From the plane window arriving at Ishigaki, one of Japan’s Okinawa Islands and one of the few inland destinations you need to travel by plane instead of the train.

Japanese Visa: how does it work? Is it easy to get?

Many people hear the word visa and already get goosebumps (me included). There’s always a fear that this is the one detail that will prevent you from making the trip of your dreams. Japan requires visas for Brazilian citizens, and this insecurity becomes even greater when you discover that you can only apply for a visa after submitting your purchased tickets and hotel reservations.

But there’s no reason for stress or worrying! If you submit all the documents they require, there’s no reason why your tourist visa shouldn’t be approved. And getting a visa is easier than it sounds, although it takes a while to prepare the documentation.

For USA citizens, a visa is not required to visit Japan for tourism for less than 90 days. So you´re pretty much good to go!

Brazilians need a visa to visit Japan.


JR Pass: the train pass that helps the tourist

The JR Pass is a tourist pass that is sold to tourists only and allows you to use most of the JR Line train lines unlimitedly for a predetermined period. This period can be 7, 14 or 21 days. This topic deserves an exclusive post, but roughly speaking, I think it’s indeed worth buying the JR Pass for its practicality, and most of the time for its price (it’s a better cost-benefit than buying single tickets).

Internet in Japan

Along with the JR Pass, you can now pay for the rent of a portable wifi device that will be the lifeline of your trip. It’s a small and easy-to-carry device, allowing you to have internet wherever you go. It can usually be used by up to 10 devices, so you can connect your smartphone and those of the people traveling with you, and also connect computers when you need them. The connection we had was always great and had a really good signal, even in remote places like Taketomi Island.

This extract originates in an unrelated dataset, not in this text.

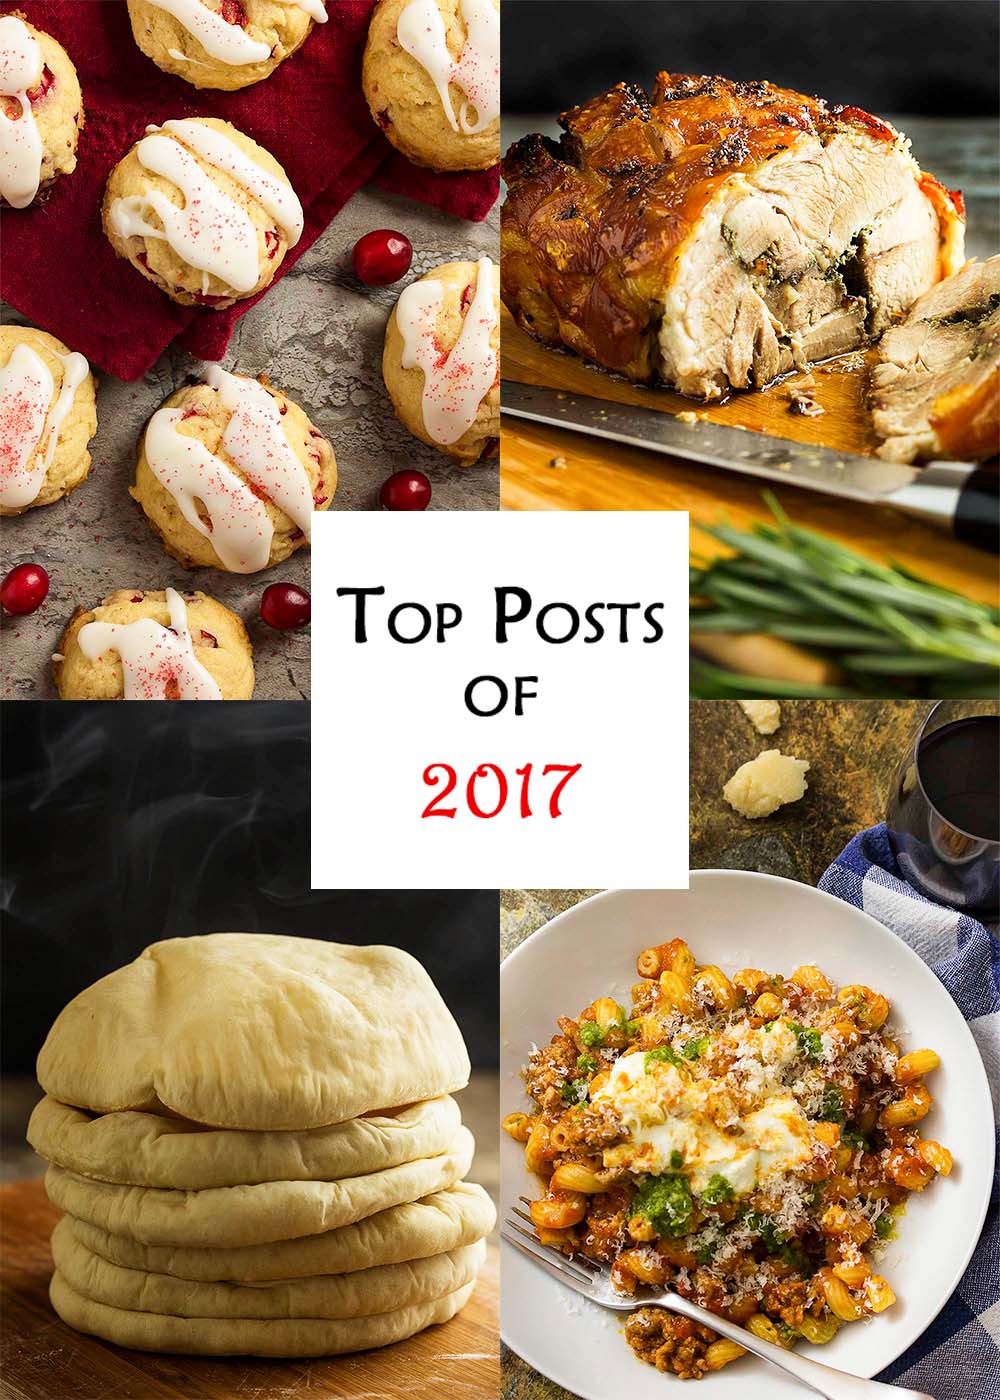 Here are my top recipes of 2017! If you are looking for great Italian, Spanish, Greek, and French recipes (and American!), you can't go wrong with these favorites. From a slow braised ragu, to chicken dijon, homemade breads, and great cookies. And I included my personal favorites from the year which didn't make the top 10 in popularity. | justalittlebitofbacon.com #mediterraneanfood #italianfood #greekfood #christmascookies #comfortfood

The pick up and return of the device are also very practical. You have the option to pick it up at the airport or the reception of your first hotel. We chose to pick up at the hotel because we didn’t want to have to move a single muscle when arriving in Japan after 24 hours of flight. When we went to check-in, the receptionist already gave us an envelope with a kit that contained the device, a case and the charger we used every night (by around 7 pm the battery was dead, so it’s worth having a power bank, too).

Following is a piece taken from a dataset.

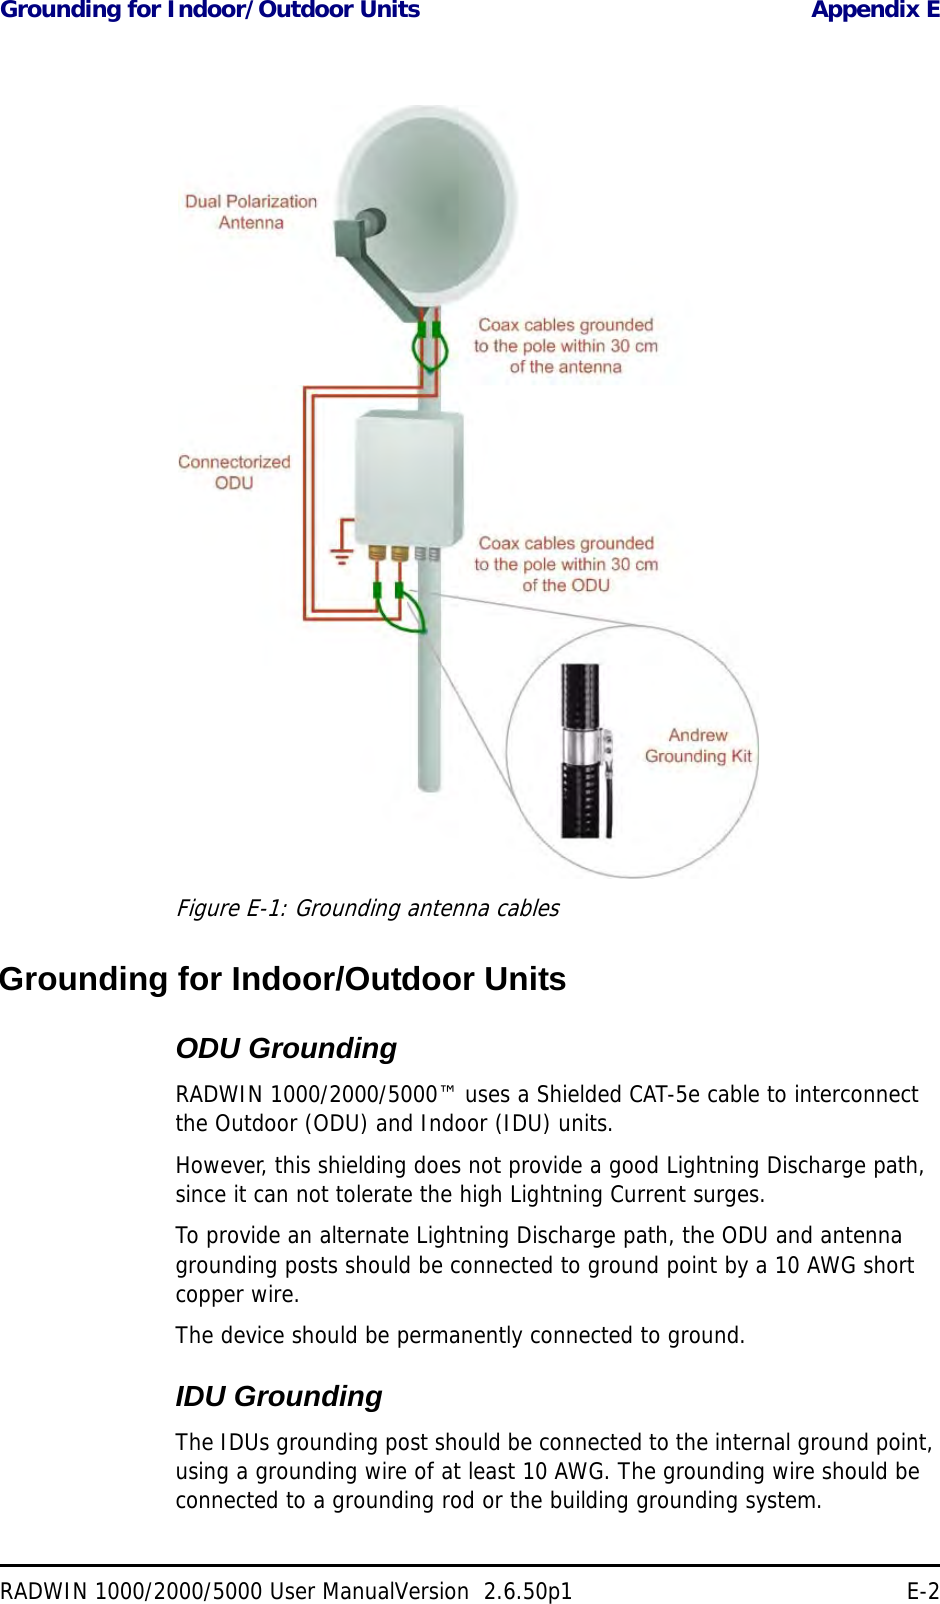 Grounding for Indoor/Outdoor Units Appendix ERADWIN 1000/2000/5000 User ManualVersion  2.6.50p1 E-2Figure E-1: Grounding antenna cablesGrounding for Indoor/Outdoor UnitsODU GroundingRADWIN 1000/2000/5000™ uses a Shielded CAT-5e cable to interconnect the Outdoor (ODU) and Indoor (IDU) units. However, this shielding does not provide a good Lightning Discharge path, since it can not tolerate the high Lightning Current surges.To provide an alternate Lightning Discharge path, the ODU and antenna grounding posts should be connected to ground point by a 10 AWG short copper wire.The device should be permanently connected to ground.IDU GroundingThe IDUs grounding post should be connected to the internal ground point, using a grounding wire of at least 10 AWG. The grounding wire should be connected to a grounding rod or the building grounding system.

Returning it was very practical as well, as they already send you an envelope with an address filled out and all you have to do is put the items in and return them to any mailbox in town. We return it in a box at the airport just before the departure gate.

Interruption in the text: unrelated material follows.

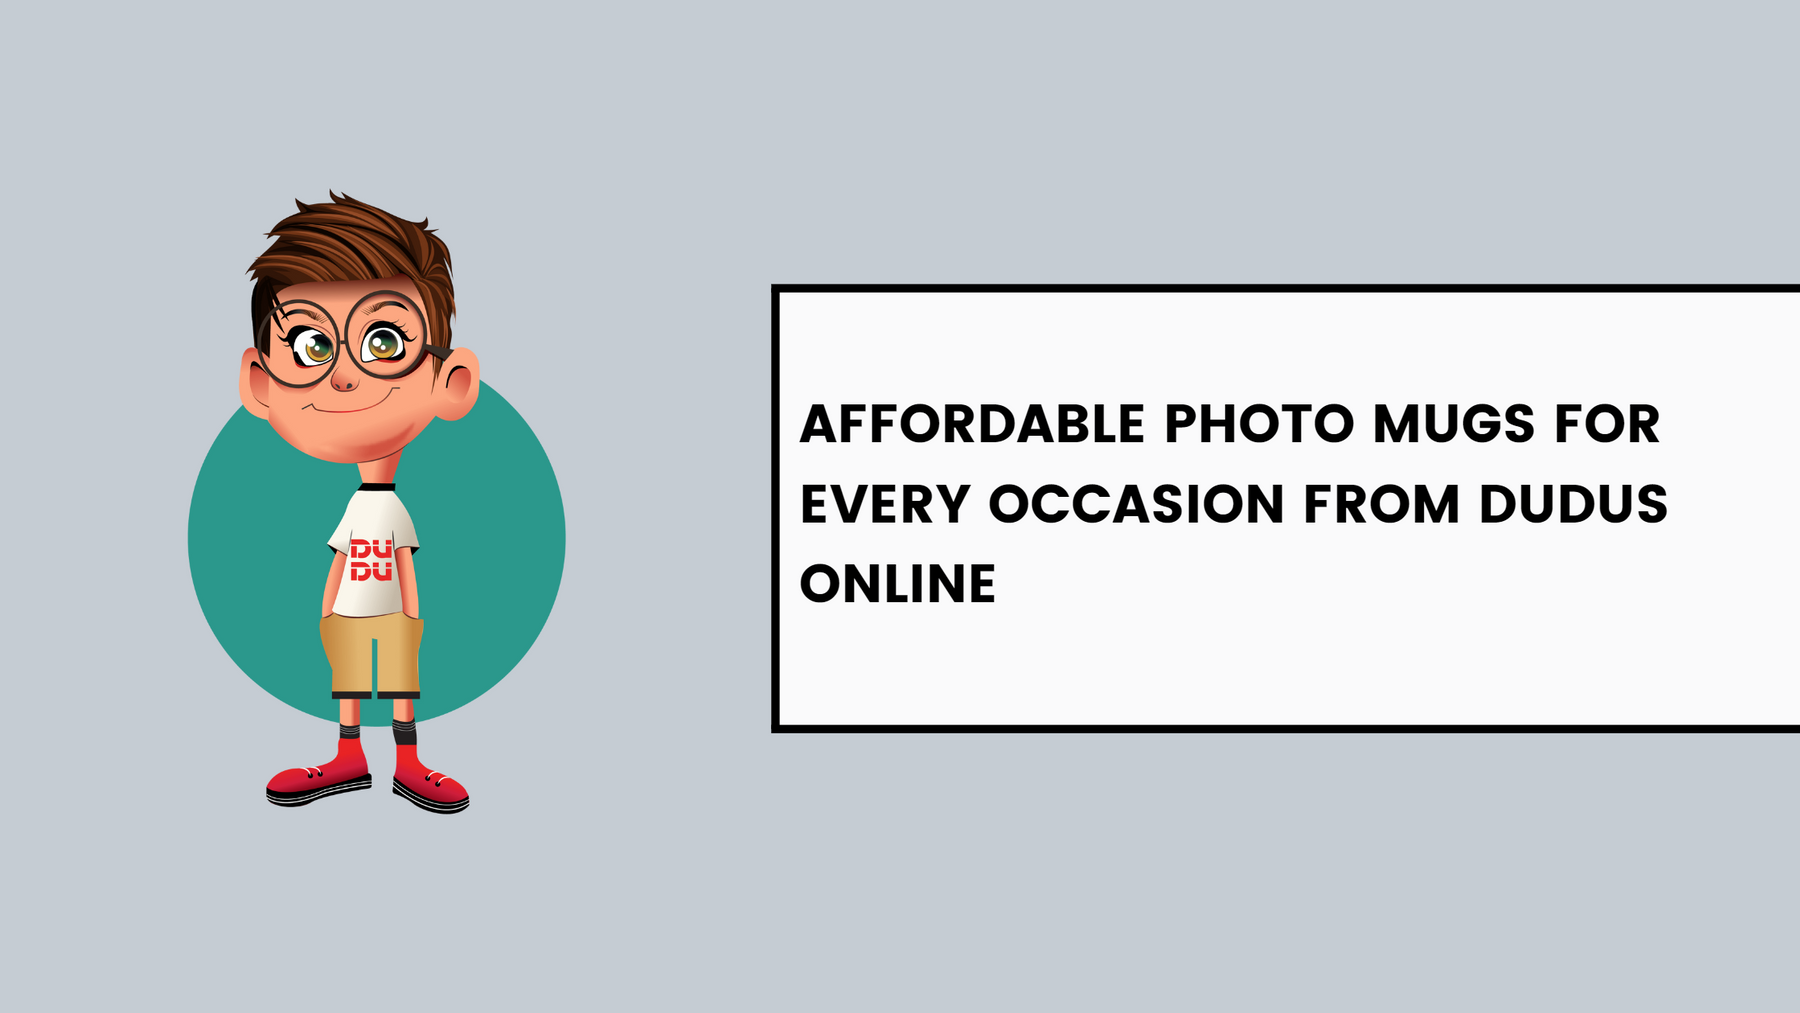 Affordable Photo Mugs for Every Occasion from Dudus Online

Returning the wifi device to a mailbox at the airport.

Hotel reservation in Japan

Keep this in mind if you, like us, like to hand-pick the hotels you’re staying at or if you want to stay in a busy hotel like the Benesse House in Naoshima. Book your hotels well in advance! For Benesse, especially, reserves open 6 months in advance and run out super fast.

On this trip we made our reservations directly by Booking.com to manage everything in one place, and because I had some good discounts while we were logged in with Genius. By Booking, I could see if the hotel had free canceling, which was great because we made reservations well in advance and then we still had some time to change our mind.

Mandarin Oriental: great location, large rooms and first-class service in Tokyo.

But if you book directly through hotel websites such as Benesse House (the only way is a direct reservation, they don’t work with booking and travel agent booking programs), you’ll notice that they don’t even ask for a credit card and ask for almost nothing, and yet the reservation is made. This is because, culturally, the Japanese honor their reservations (whether in a hotel, restaurant, etc.) and it’s extremely rude to cancel them. So, if you’re on the hotel website making a reservation, then you know you’ll go – and you will.

From my room’s balcony at Benesse House, in Naoshima.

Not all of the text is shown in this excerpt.